Prometheus+Grafana+Loki 生产级可观测性体系搭建实战

根据 Datadog 2025 年度基础设施监控报告，接入完整可观测性体系的团队，故障平均恢复时间（MTTR）比没有监控的团队快 14 倍。Prometheus 已成为云原生监控的事实标准，CNCF 毕业项目中超过 85% 使用它作为核心指标引擎。然而，很多团队的 Prometheus 只停留在"能看 CPU 内存"的水平，远未发挥其真正威力。本文将从架构设计到生产调优，手把手搭建一套覆盖指标（Metrics）、日志（Logs）、告警（Alerts）的完整可观测性体系，附可直接复制使用的 Docker Compose、PromQL 查询和告警规则。

📊 一、可观测性三大支柱与架构设计

为什么需要可观测性而不是单纯监控？

监控（Monitoring）回答的是"系统是否正常"，而可观测性（Observability）回答的是"系统为什么出问题"。传统监控工具如 Zabbix 和 Nagios 擅长"红绿灯式"的健康检查——CPU 高了告警、服务挂了告警——但当你的 API 响应变慢时，它们无法告诉你"是数据库慢了还是某个下游服务超时了"。

维度	传统监控	可观测性体系
数据类型	指标为主	指标 + 日志 + 链路追踪
问题定位	告警 → 人工逐台排查	告警 → 关联日志 → 定位根因
数据关联	各系统数据孤岛	指标与日志互相跳转
探索能力	预定义固定 Dashboard	Ad-hoc 查询任意维度
典型工具	Zabbix、Nagios、Cacti	Prometheus + Grafana + Loki

💡 **提示：**可观测性不是要取代监控，而是在监控基础上增加了"可探索性"。
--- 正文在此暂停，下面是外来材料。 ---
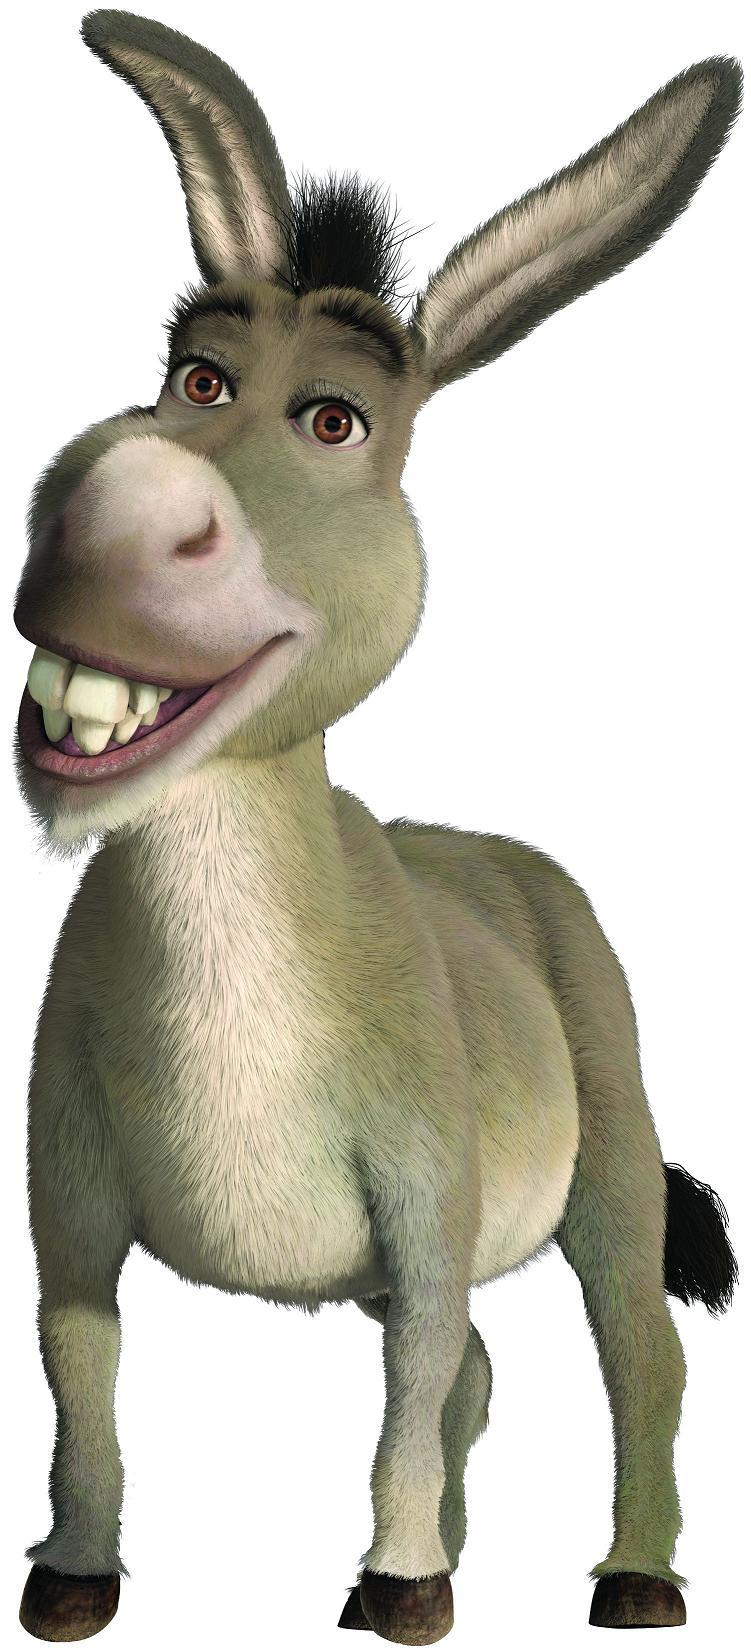 Asno Burro Shrek Wiki Fandom

一个健康检查接口配合 Prometheus 就是最简单的监控；但当你能在 Grafana 里从一个 CPU 飙高的图表直接跳转到对应时间段的错误日志时，这才是可观测性的核心价值。

架构全景与组件职责

整套体系由五个核心组件构成，各司其职：

✅ Prometheus — 指标采集与时序数据库（TSDB），负责周期性拉取（Pull）各服务的 Metrics 数据
✅ Grafana — 统一可视化面板，支持接入 Prometheus、Loki、MySQL 等多种数据源并创建交互式图表
✅ Loki — 日志聚合引擎，由 Grafana Labs 开发，天然与 Grafana 深度集成，支持 LogQL 查询
✅ Promtail — 日志采集代理，负责从容器和主机收集日志并推送到 Loki
✅ Alertmanager — 告警路由与通知中心，支持告警分组、抑制、静默和多渠道通知（钉钉/飞书/邮件）

Pull 模式 vs Push 模式：为什么 Prometheus 选择拉取？

很多刚接触 Prometheus 的开发者会疑惑：为什么不让应用主动推送指标（Push），而是 Prometheus 主动来拉取（Pull）？这不是多了一次网络请求吗？实际上，Pull 模式有三个关键优势：

✅ 服务发现天然集成 — Prometheus 通过 Kubernetes API、Consul、DNS 或文件发现目标，自动采集新上线的服务，不需要应用侧做任何额外配置
✅ 健康状态可观 — 如果 Prometheus 拉取失败，说明目标服务不可达，这本身就是一个告警信号。Push 模式下，服务挂了就不会再推送，你反而不知道它已经挂了
✅ 开发调试友好 — 任何服务暴露 /metrics 端点就能被采集，用 curl http://localhost:8080/metrics 就能在本地调试

不过 Pull 模式也有局限：短生命周期的批处理任务（Job）可能在 Prometheus 采集之前就退出了。这类场景可以用 Pushgateway（Push 中转站）作为补充，但不要滥用——Pushgateway 适合临时任务，不适合长期运行的服务。

架构数据流如下：

应用服务 → /metrics 端点 → Prometheus 拉取 → TSDB 存储
                                          ↓
                                    Alertmanager → 钉钉/飞书/邮件
                                          ↓
日志文件 → Promtail/Loki Agent → Loki 存储 → LogQL 查询
                                          ↓
                              Grafana ← 统一展示（指标 + 日志关联）

⚠️ **警告：**不要把 Prometheus 当长期存储使用。默认 TSDB 保留 15 天，超过此范围的历史数据应通过 Remote Write 推送到 Thanos、Cortex 或 VictoriaMetrics。本地磁盘 IOPS 是 Prometheus 最大的性能瓶颈。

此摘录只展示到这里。